The president set the theme with the opening sentence of his speech. "As we gather tonight," he said, "our nation is at war." Talk of war dominated the address, with the president promising victory "in this great conflict" at the close of his remarks.

The president expanded his targets but narrowed his policy tools. Reserving his harshest language for Iraq, President Bush said that Iran, Iraq and North Korea "and their terrorist allies constitute an axis of evil, arming to threaten the peace of the world." Significantly, the president no longer requires proof of national links to terrorist groups or to each other, but merely the pursuit of chemical, biological or nuclear weapons. "By seeking weapons of mass destruction," he says, "these regimes pose a grave and growing danger."

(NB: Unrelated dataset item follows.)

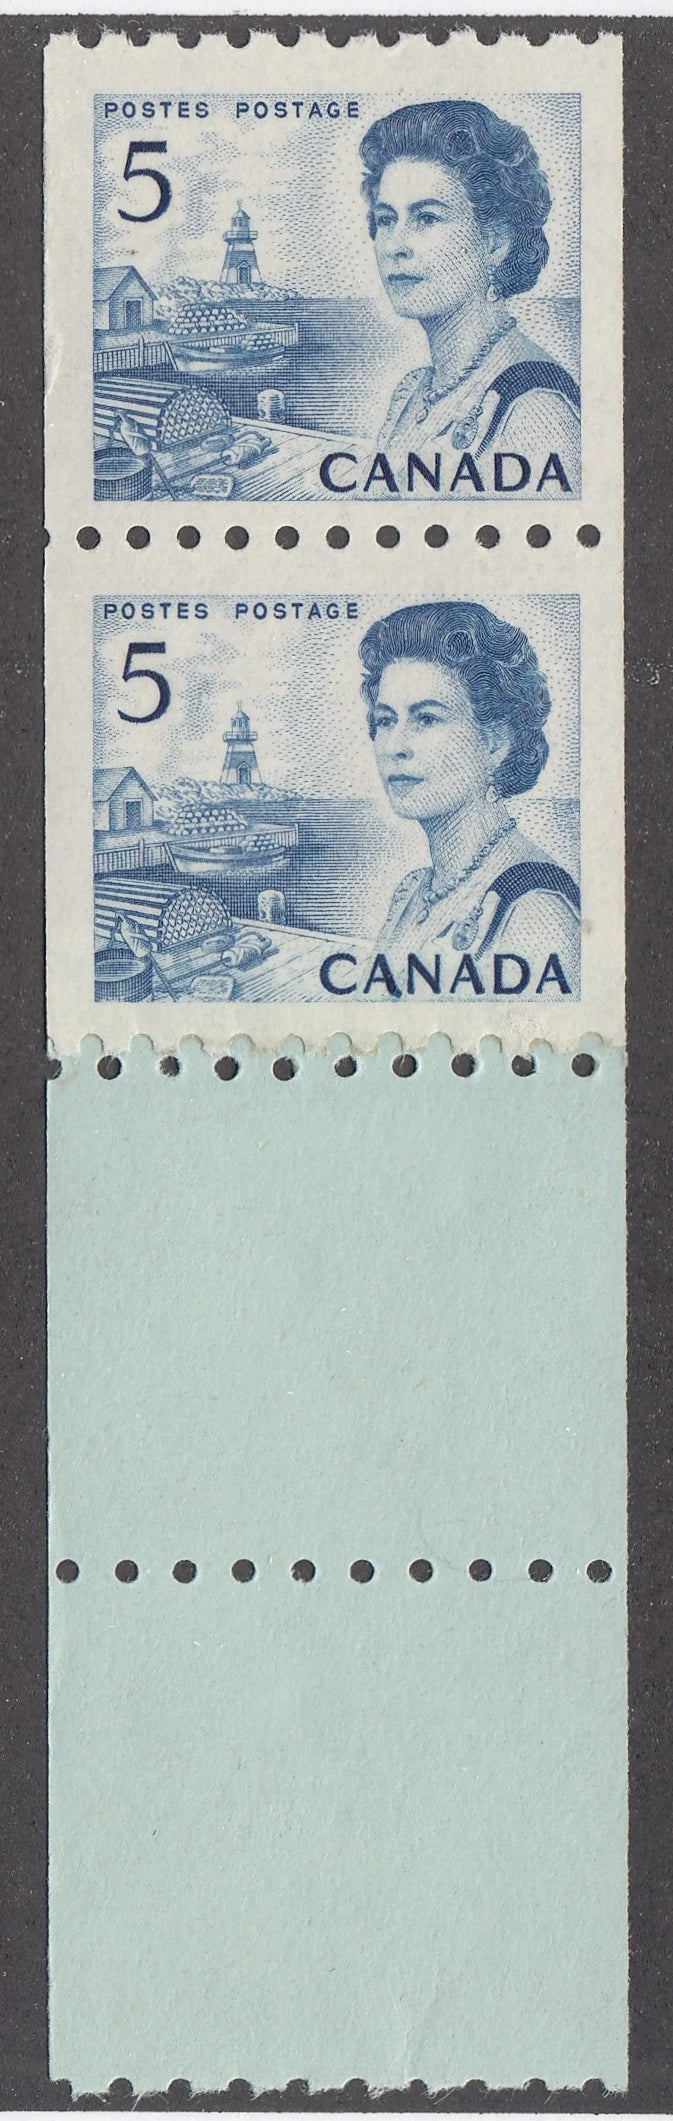 0468CA2105 - Canada #468 - Mint Coil Start Strip

His strategy made no mention of treaties or diplomacy. It has been reduced to two stark instruments: export controls and military force. "We will work closely with our coalition to deny terrorist and their state sponsors the materials, technology and expertise to make and deliver weapons of mass destruction," he said. "We will develop and deploy effective missile defenses to protect America and our allies from sudden attack. And all nations should know: America will do what is necessary to ensure our nation's security."

This is consistent with the administration's developing non-proliferation policy which harkens back to the approach of the Eisenhower administration fifty years ago, before the key international non-proliferation agreements were negotiated. Then the hope was that proliferation could be contained by agreements among the advanced industrial nations to restrict exports of key technologies and by military action against threatening states when necessary. This strategy failed, but administration officials seem determined to try it again. They reject most of the treaties championed by Presidents Kennedy, Johnson, Nixon, Ford, Carter, Reagan, Bush and Clinton, fearing that they restrict U.S. military options while offering cover for nations cheating on the pacts.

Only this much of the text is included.